[Math] The upper triangular matrix problem.

linear algebramatrices

Hello guys please help me whit this problem. Hints is fine but if you can explain that would be great.
For $1.$ I think is just the definition but I can't figure out how to combine the two conditions to pass from $i>j$ and $j>k$ to $i>k$.
and for $2.$ I find out that the dimension is $n^2 – \frac{n(n-1)}{2}$.

A square matrix $A=(a_{ij})$$i,j \in \{1,2, …., n\}$ is said to be upper triangular if $a_{ij}=0$ for $i>j$.

$1$. Show that the product of two upper triangular matrices is an upper triangular matrix.

$2$. Let $\xi=\{A$ $\in M_n(\mathbb{R})$: $A$ is upper triangular$\}$.
Establish that $\xi$ is a subspace of $M_n(\mathbb{R})$. What is its dimension?

$3$. Let $E$ be a vector space over $\mathbb{R}$,$B=\{e_1,e_2, …., e_n\}$ a basis of $E$ and $\phi \in L(E)$.
Let $E_i=Span\{e_1,e_2, …., e_i\}$ for $i=1,2, …., n$.
Show that $M(\phi,B)$ is upper triangular matrix iff $\phi(E_i)\subset E_i$ for every $i=1,2, …., n$.

$4$.Let $A \in \xi$. We suppose that $A$ is reversible. Show that $A^{-1} \in \xi$

Best Answer

Part 1): Show that the product of two upper triangular matrices is upper triangular.

Let $A, B \in M_n(\mathbb{R})$ be upper triangular matrices (with respect to the standard basis). Then we can express them as

$$\left( \begin{array}{ccc} a_{11} & a_{12} & \cdots &a_{1n} \\ 0 & a_{22} & \cdots & a_{2n} \\ \vdots & 0 & \cdots & \vdots \\ 0 & \cdots & 0 & a_{nn}\end{array} \right) \text{ and }\left( \begin{array}{ccc} b_{11} & b_{12} & \cdots &b_{1n} \\ 0 & b_{22} & \cdots & b_{2n} \\ \vdots & 0 & \cdots & \vdots \\ 0 & \cdots & 0 & b_{nn}\end{array} \right)$$

Hence their product is clearly

$$\left( \begin{array}{ccc} a_{11} & a_{12} & \cdots &a_{1n} \\ 0 & a_{22} & \cdots & a_{2n} \\ \vdots & 0 & \cdots & \vdots \\ 0 & \cdots & 0 & a_{nn}\end{array} \right)\left( \begin{array}{ccc} b_{11} & b_{12} & \cdots &b_{1n} \\ 0 & b_{22} & \cdots & b_{2n} \\ \vdots & 0 & \cdots & \vdots \\ 0 & \cdots & 0 & b_{nn}\end{array} \right) = \left( \begin{array}{ccc} a_{11}b_{11} & a_{11}b_{12}+a_{12}b_{22} & \cdots &\sum_{i=1}^n a_{1i}b_{in} \\ 0 & a_{22}b_{22} & \cdots & \sum_{i=2}^n a_{2i}b_{in} \\ \vdots & 0 & \cdots & \vdots \\ 0 & \cdots & 0 & a_{nn}b_{nn}\end{array} \right)$$

I think I have given you enough information to describe the general pattern of entry $c_{jk}$ of the product matrix.

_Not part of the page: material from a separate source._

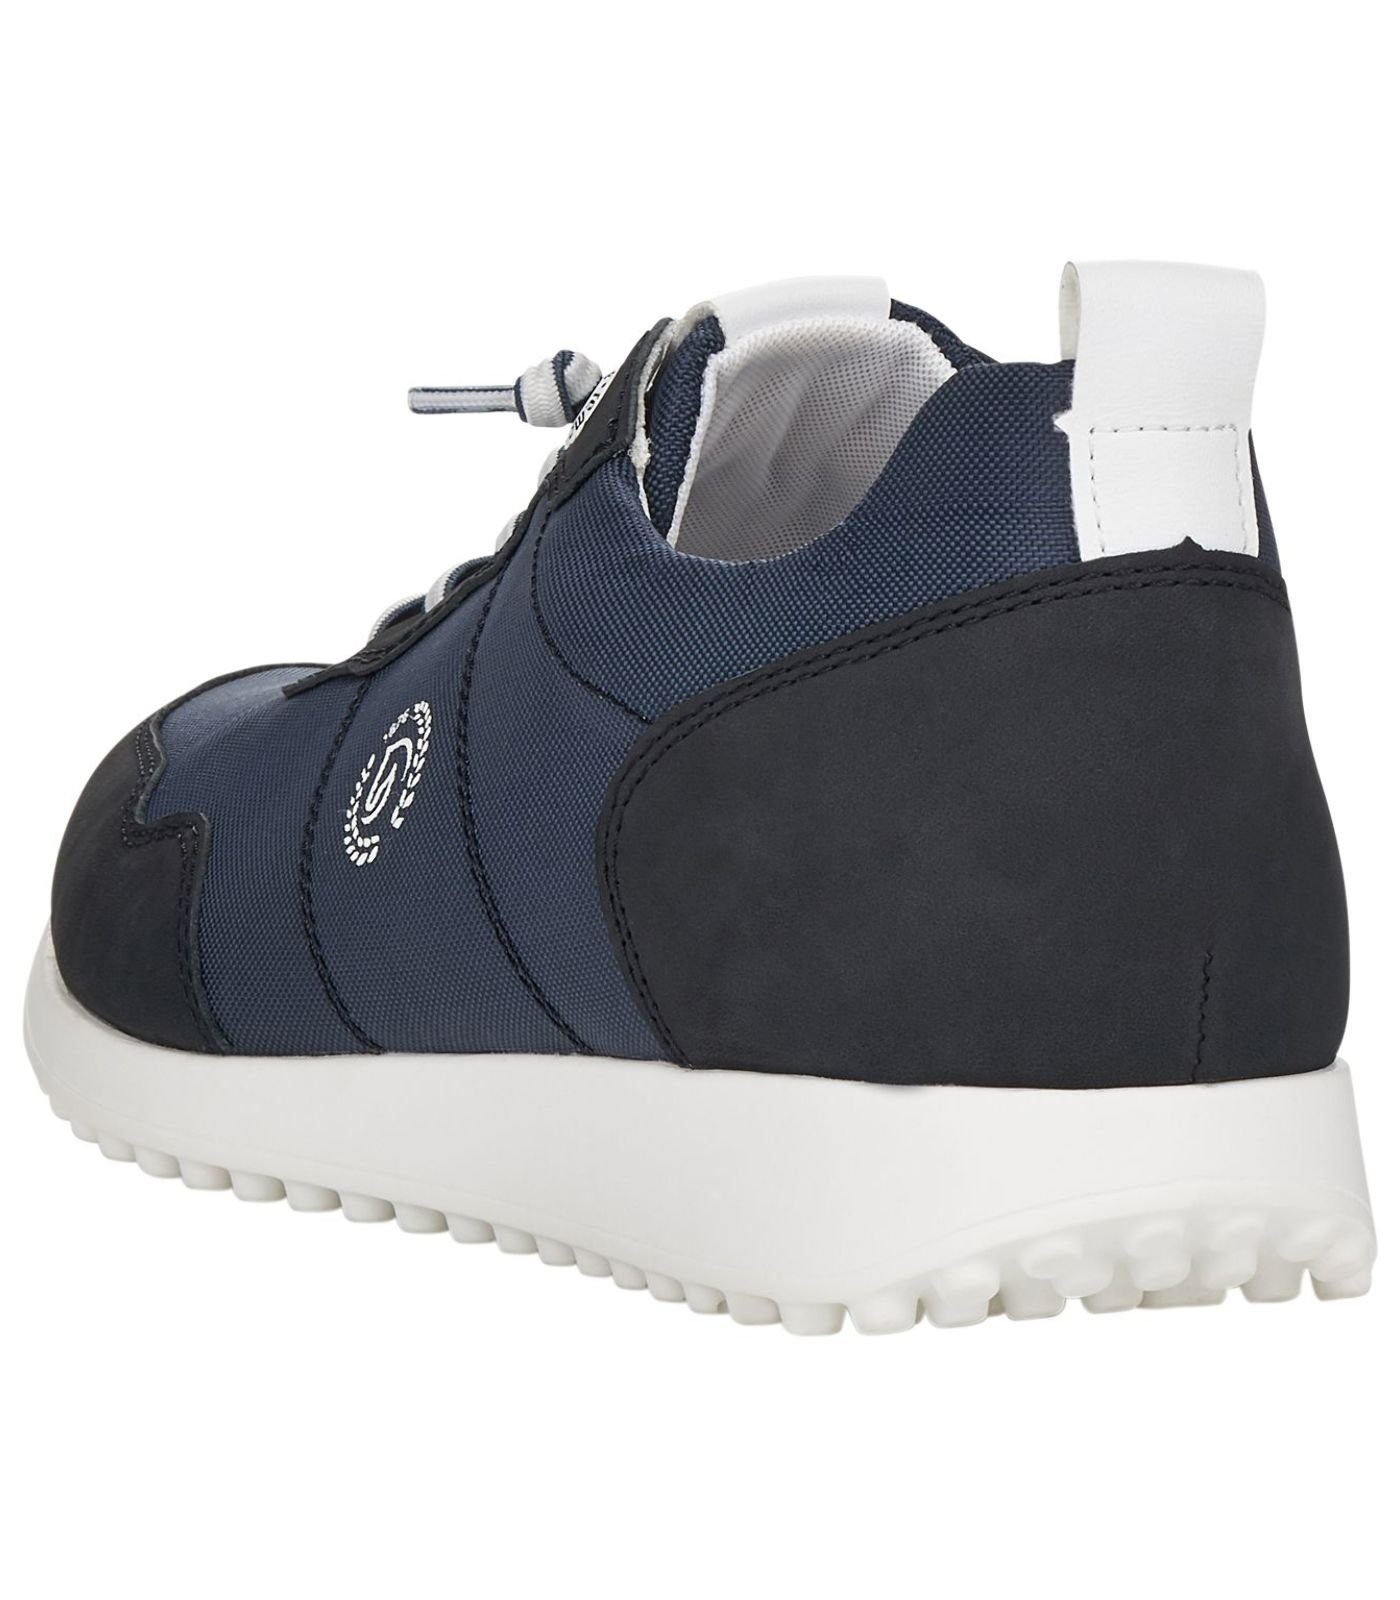 Lederimitat/Textil Sneaker Sneaker Remonte

Part 2): To do this, show that triangular matrices are closed under linear combinations. In particular, show that (1) the zero matrix is technically upper triangular, (2) that any triangular matrix times a scalar is upper triangular, and (3) that the sum of any two upper triangular matrices is itself upper triangular. These should be very straightforward proofs. See here for a specific case of the dimension argument.

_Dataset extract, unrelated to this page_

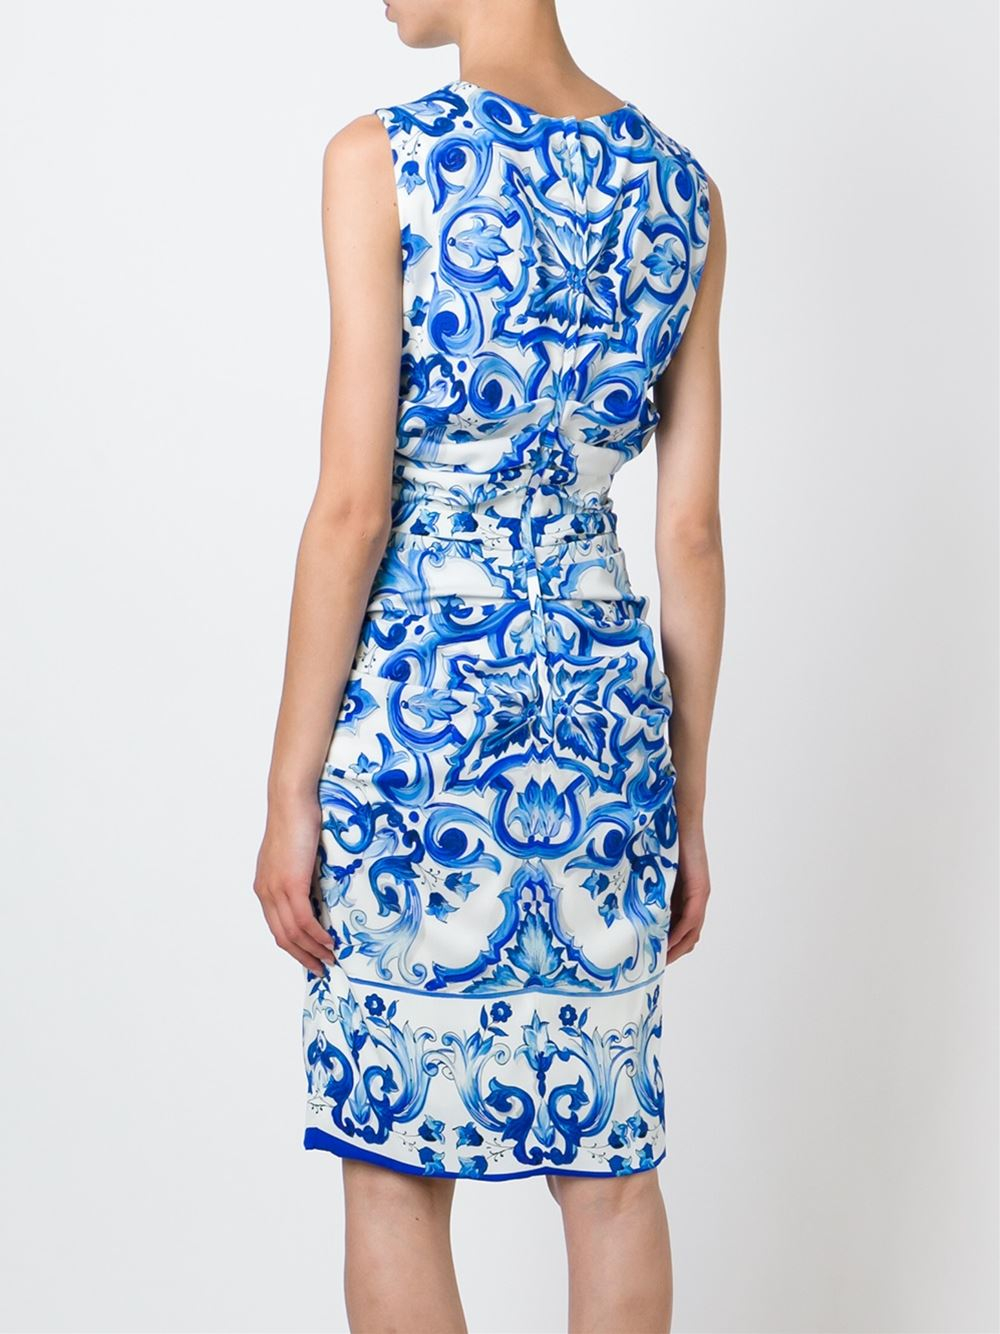 Dolce & gabbana 'majolica' Print Dress in Blue | Lyst

Part 3): If $M(\phi, B)$ is the matrix representation of $\phi$ and it is upper triangular, then this means that $\phi(e_k)$ is the first column and has all zero entries except for the first $k$. Stop and think about what this means in terms of the subspace of $E$ that contains $\phi(e_k)$. I am being intentionally vague because this is an important concept that you should reach on your own, but I can be more explicit and supply a reference need be.

Part 4): By reversible do you mean invertible? If so, just think about rearranging the basis vectors after inverting the map.